I'm currently in the final stages of a new book 'Programming the ESP32' and while browsing the MicroPython documentation for the ESP32, I came across a section describing setting the output current of an ESP32 GPIO pin.
This implied that by including this in your code:
p6 = Pin(32, Pin.OUT, drive=Pin.DRIVE_3)
you could set the drive current of a GPIO pin to 40mA - perhaps enough to directly drive an 8Ω speaker to quite a high volume.
Or, by doing this:
p6 = Pin(32, Pin.OUT, drive=Pin.DRIVE_0)
you could limit the current to just 5mA and drive an LED directly without the need for a current limiting resistor.
Background
The GPIO (General Purpose Input Output) pins on a modern microcontroller are little marvels of configurability. In software, you can configure them in various ways:
- as an input or output
- if acting as an input enable pull-up or pull-down resistors to bias the input high or low respectively
- route a pin to an ADC (analog to digital converter) to act as an analog input and measure voltage
- route a pin to a capacitative touch detector
- route pins to special bus interfaces I2C, SPI and UART
When acting as outputs, GPIO pins have what are called complimentary outputs. That is, current can flow from the pin through something (say an LED and resistor) to GND -- called 'sourcing' or, you can connect one end of the load to the +3.3V supply and 'sink' current through the GPIO pin.
It looks like the ESP32 takes this a step further and allows you to set the maximum source or sink current for a GPIO pin in your code.
Goals of the experiment
Note that there is a big difference between good professional design practice and hobbyists messing around. A proper electronics engineer would never try to 'get away with things' in the way that I am here.
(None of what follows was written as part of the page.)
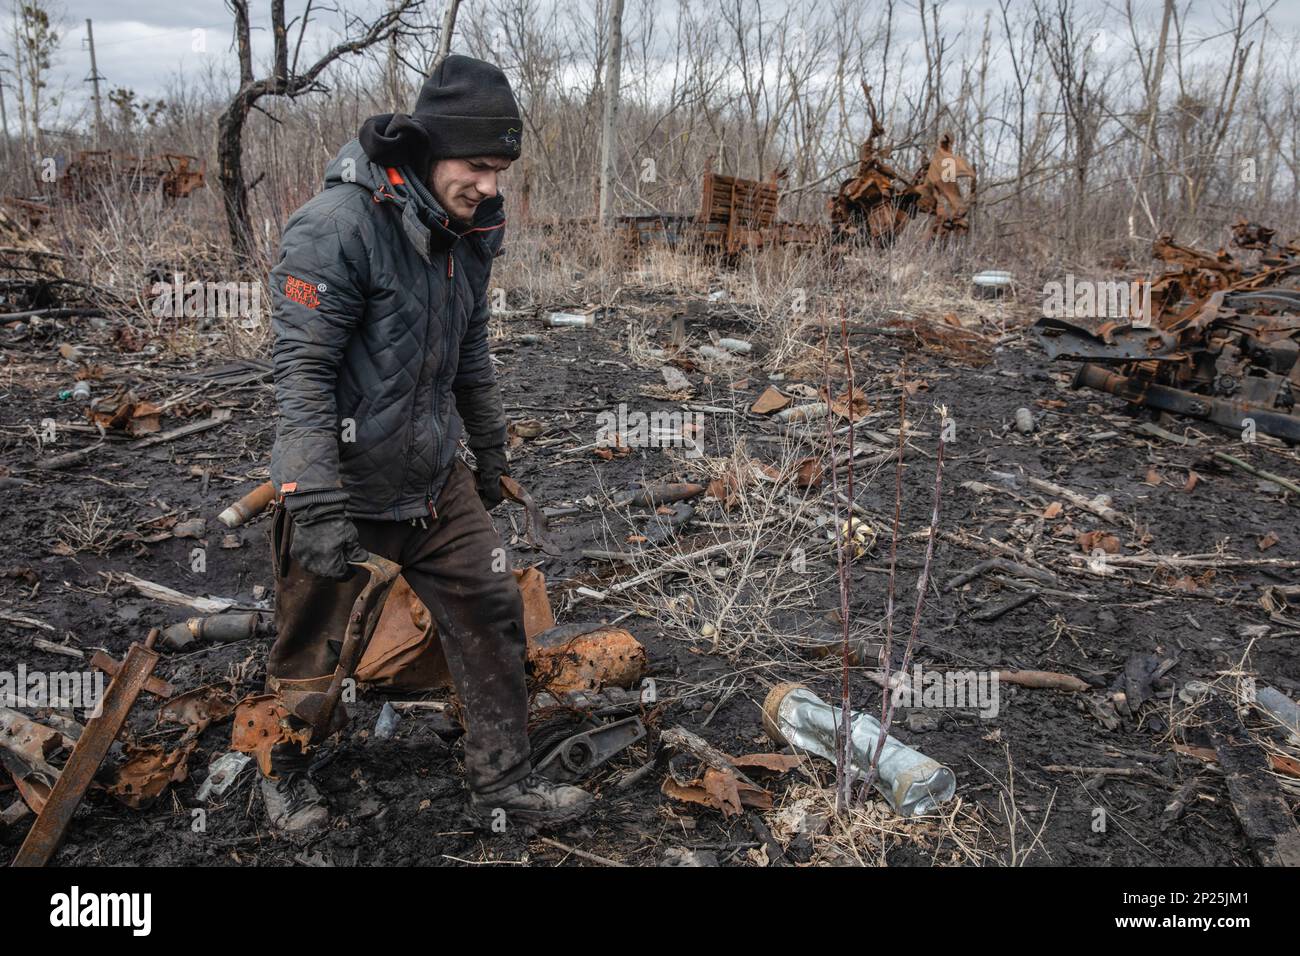 Gli uomini locali smantellano i resti di attrezzature militari russe distrutte e bruciate per rottami metallici, regione di Kharkiv, Ucraina. Guidando lungo le strade della regione di Kharkiv, più vicino si arriva a Donbas, le attrezzature militari più bruciate e rotte che si vede sul lato della strada, nei campi e nelle cinghie forestali. In uno di questi nastri forestali abbiamo visto una grande quantità di apparecchiature russe bruciate. Quando abbiamo smesso di scattare foto, abbiamo visto diversi uomini e adolescenti che si rimesero sistematicamente. Stavano smontandolo per i rottami di metallo, per i quali ricevono 2 crivnie per chilogrammo. Non possono raccogliere più t Foto Stock

So, anyway, here's what I hoped to find out, using a low-cost ESP32 Lite board. After all there's a good chance this testing will end in the destruction of the board, so it might as well be a cheap one.
- Do these drive current settings actually control the DC current limiting of the GPIO pins?
- Does this current limiting also amount to short-circuit protection for GPIO pins?
- How much current can I draw from an ESP32's GPIO pins before I kill it?
- Can I use an LED without a current limiting resistor?
Method
Rather than jump straight to potentially destructive short-circuit testing. I began with the setup below, using a 100Ω resistor load to provide current limiting to I=V/R = 3.3/100 = 33mA.
With the DMM set to a current range, the resistance across its leads will be close enough to 0Ω to ignore in these tests. From the
MicroPython documentation here are the different drive currents. Our 100Ω resistor won't allow us to go to the maximum 40mA, but we can at least get an initial view of any current limitting.
Pin.DRIVE_0
: 5mA / 130 ohm
Pin.DRIVE_1
: 10mA / 60 ohm
Pin.DRIVE_2
: 20mA / 30 ohm (default strength if not configured)
Pin.DRIVE_3
: 40mA / 15 ohm
Results
GPIO 32 |
| 100Ω resistor load |
|
|
|
Setting in Code | Nominal current (mA) | Measured Current (mA) |
Pin.DRIVE_0 | 5 | 10.5 |
Pin.DRIVE_1 | 10 | 18.3 |
Pin.DRIVE_2 | 20 | 24.4 |
Pin.DRIVE_3 | 40 | 28 |
So, the current is about twice what was expected - at this point, I thought I might have an 'out-by-1' problem with my code (see the end of this post) but the code looks ok.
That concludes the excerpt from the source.